Spotlight: Valle d’Itria & Salento
Valle d’Itria
Between Bari and Brindisi, the Valle d’Itria concentrates some of Italy’s most competitive second-home markets. World-renowned towns like Ostuni, Monopoli and Polignano a Mare sit at the top of the market; smaller white towns (Locorotondo, Alberobello, Martina Franca) price slightly lower but have also trended up. Limited stock of renovated stone properties underpins sustained demand.
Salento
The “heel” offers two coastlines—Adriatic and Ionian—so you can pick calmer seas, better winds, or the sunniest bays on any given day. Historic baroque towns (Lecce, Otranto, Gallipoli) sit near long sandy beaches and coves with exceptionally clear water, a lively festival calendar, and an easygoing pace. Salento offers the longest summer season in Italy; the only trade-off is that last-mile travel beyond Lecce can take longer, especially in peak months.
Accessibility & infrastructure
Puglia is served by two comfortable, well-connected international gateways: Bari (BRI) and Brindisi (BDS), both with extensive European links and robust passenger volumes.

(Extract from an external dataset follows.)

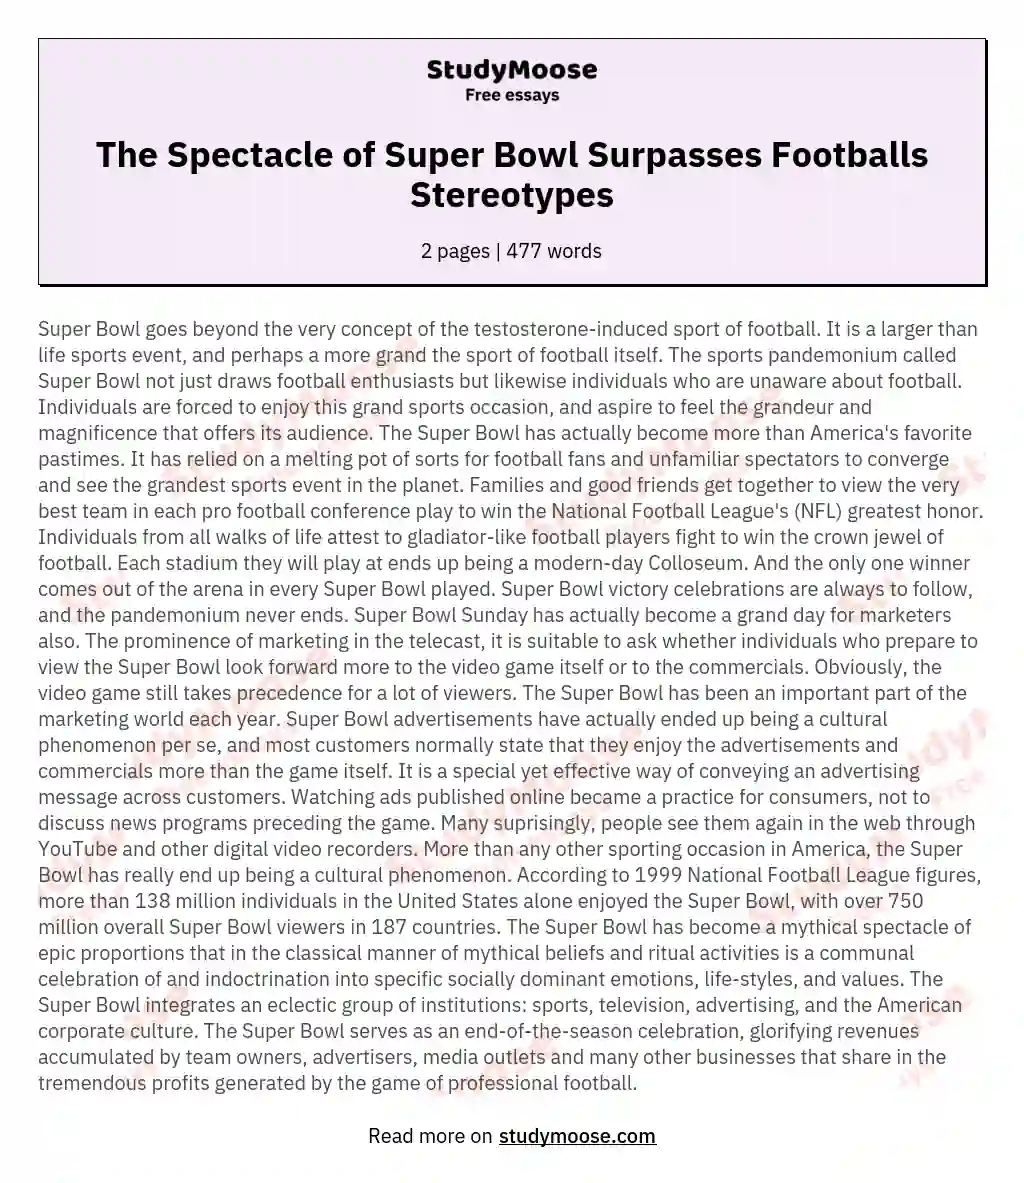 The Spectacle of Super Bowl Surpasses Footballs Stereotypes essay

Overland, the A14 and SS16 are the main spines, but highways aren’t always in great shape and many country roads are narrow and tortuous, so summer traffic can slow trips—especially near beaches. Rail runs along the Adriatic, reaching all the way to Lecce, but there’s no in-region alta velocità (high-speed train) yet. Getting into deeper Salento (e.g. Otranto) usually means riding smaller regional trains or road transfers beyond Lecce.
Puglia’s investable landscape is clear: Valle d’Itria concentrates premium, low-supply heritage assets and has seen the sharpest price escalation; Salento offers broader price points and remarkable coastline with modestly more complex last-mile access. Across the provinces, pricing steps up near the Adriatic hotspots and moderates inland—giving buyers a wide spectrum from entry-level to premium coastal stock.